John Milton, Areopagitica

 

 

 

 

The trick with the BRT is not to overuse it, arguing with us is very good for our teens, they need to know where their boundaries are, and they will test them constantly. This cannot happen if we are not there to “drop the gloves”( to use a hockey term). Use the BRT when the answer is unequivocally  “No”, especially when you are on the phone. Otherwise say “Yes, maybe”  When he was younger,  my son would get very frustrated, almost to the point of tears, when he was forced to blindly obey a command. He would feel unheard, as if his thoughts were unimportant.  It was usually other adults he grew frustrated with since, as my husband says, I have “An inhuman capacity to argue, and an endless amount of patience”!! (He also says that I have set up our kids to believe that they can argue a point with everyone, including police officers, and professors, and that this is an unhealthy assumption.
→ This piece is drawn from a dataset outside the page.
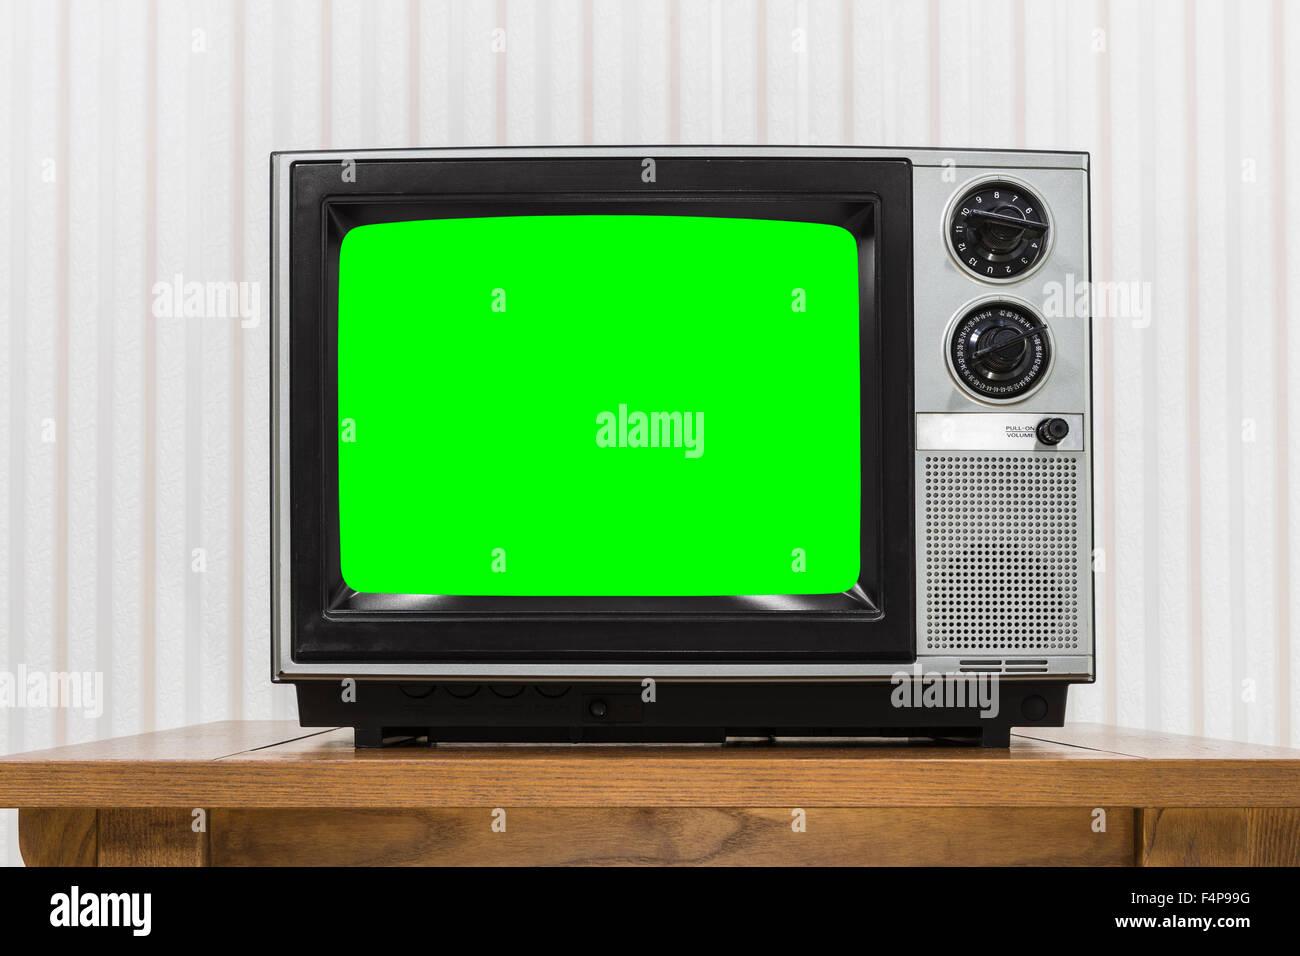 portable tv set stockfotos portable tv set bilder alamy. Black Bedroom Furniture Sets. Home Design Ideas

I say sure, try it and see what happens, life is a good teacher!!)

 My son is learning that I am usually willing to have an open conversation, and to be convinced, unless I start the BRT. Then he (hopefully) gives up, and trusts that I have my reasons. It took a while though to get to this point!! Sometimes I am just too tired to have an argument, I do not want to be convinced, and I may just going on a gut feeling, which is another topic too!!

 Like me, you need to keep in mind that broken record, and be patient, yep be patient, no matter what, be patient, exercise all your patience, always be patient!

  “Stubbornly persist, and you will find that the limits of your stubbornness go well beyond the stubbornness of your limits.”